La nouvelle image, quasi maternelle, que veut se fabriquer l’autre, sera  inefficace, parce que peu crédible. Elle veut être protectrice, elle n’arrive pourtant pas à se débarrasser de son chapelet de menaces outrancières et de sa litanie d’incompétences notoires.

Le débat qui va les opposer est certes crucial mais il n’est pas certain qu’il brille par son objectivité.

Qu’est-ce qui peut départager les deux postulants ?

A l’évidence la qualité des programmes peut être déterminante, mais chaque électeur les jugera, et c’est normal, en fonction de ses préférences personnelles. Il ne demandera qu’à croire en ces mirages qui  inventeront des solutions sensées résoudre ses propres problèmes.

L’objectif essentiel d’une élection présidentielle doit être plus ambitieux, il doit surtout répondre aux intérêts fondamentaux du pays lu!-même.

Dans cette optique, les réponses apportées à deux questions peuvent permettre de faire un choix décisif. 

   La 1ére  consiste à se demander si le programme de chaque  candidat est compatible avec l’Union Européenne ? 

 Les Français dans leur grande majorité n’en doute plus : l’Europe est devenu une structure  indispensable dans la plupart des domaines. On l’a vu sans ambiguïté lorsqu’il a fallu lutter  contre le désastre économique  généré par le  Covid.
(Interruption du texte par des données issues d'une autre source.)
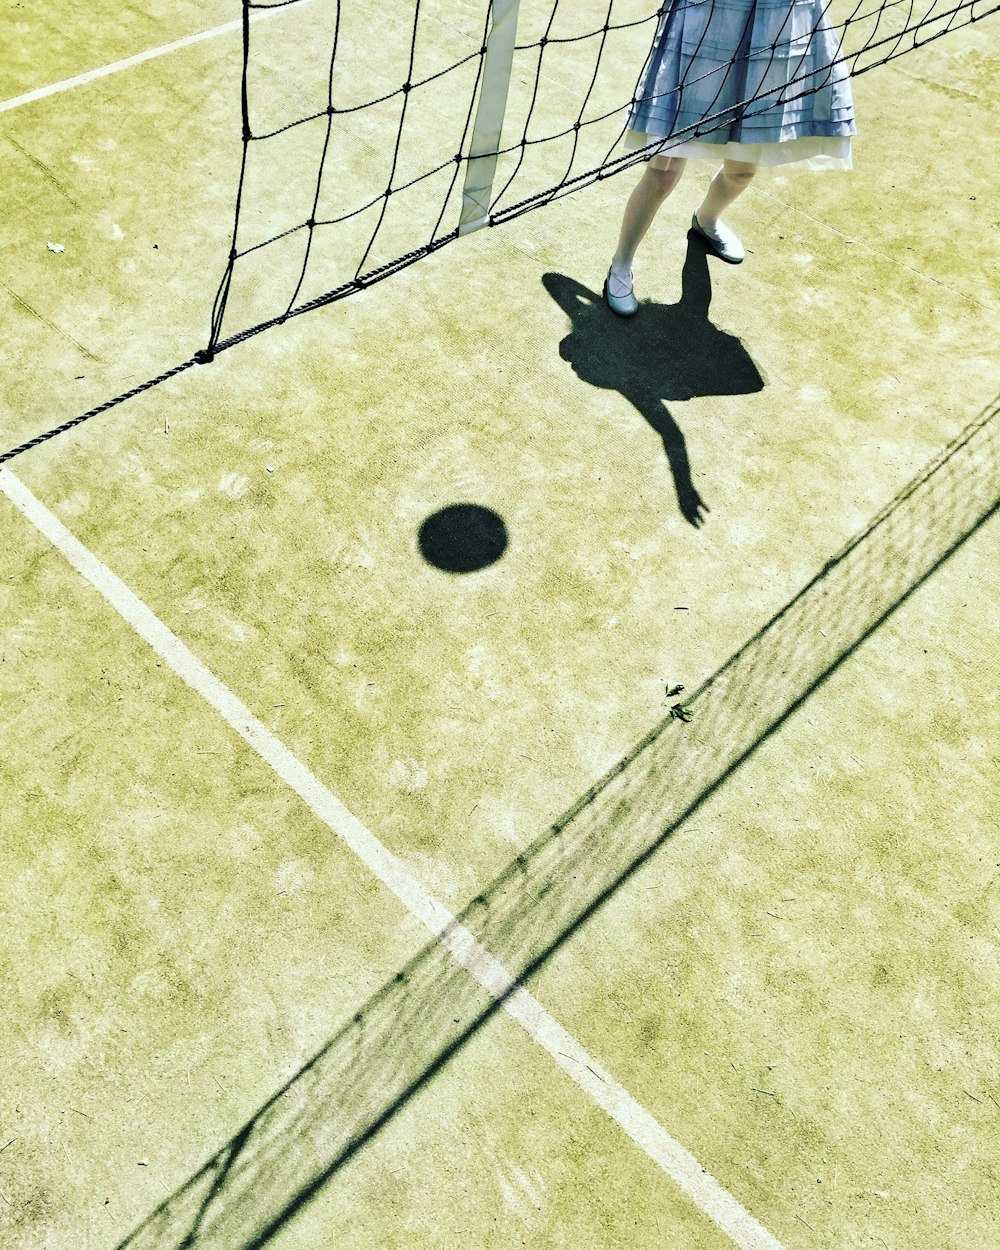 shadow reflection of girl playing volleyball

Sans l’Europe, le naufrage de la France eut été difficilement évitable.

Dans ces conditions un positionnement à la hongroise ( c’est à dire européen, mais pas trop et toujours remis en question ) tel que semble l’annoncer Marine le Pen, n’est certainement pas un point positif pour elle.

La 2eme question interpelle sur la pérennité actuelle de notre démocratie.

 Compte tenu des difficultés actuelles de notre démocratie représentative ( abstention de plus en plus conséquente, violence de la rue, disparition des grands partis traditionnels, contestation parfois systématique du pouvoir central etc …) se pose la nécessité urgente de modifications profondes de nos institutions. 

Quel est alors celui des deux candidats qui accompagnera le plus efficacement cette volonté de réforme et rendra possible une cohabitation entre les partis et responsables politiques  ? 

 Ici encore c’est Marine Le Pen qui est le moins en situation de parvenir à ce minimum d’union.

La logique s’impose, c’est le candidat le plus au centre qui potentiellement peut répondre à cette urgence.

Encore faudra-t-il, s’il est élu, qu’Emmanuel Macron le soit confortablement. Tout va donc dépendre de l’écart de voix qui au final séparera les deux candidats.                    

Si celui-ci est faible, les élections législatives du mois de juin ajouterons encore au désordre, et le temps des aventures, de la régression et du désastre économique deviendra notre avenir, pour des années.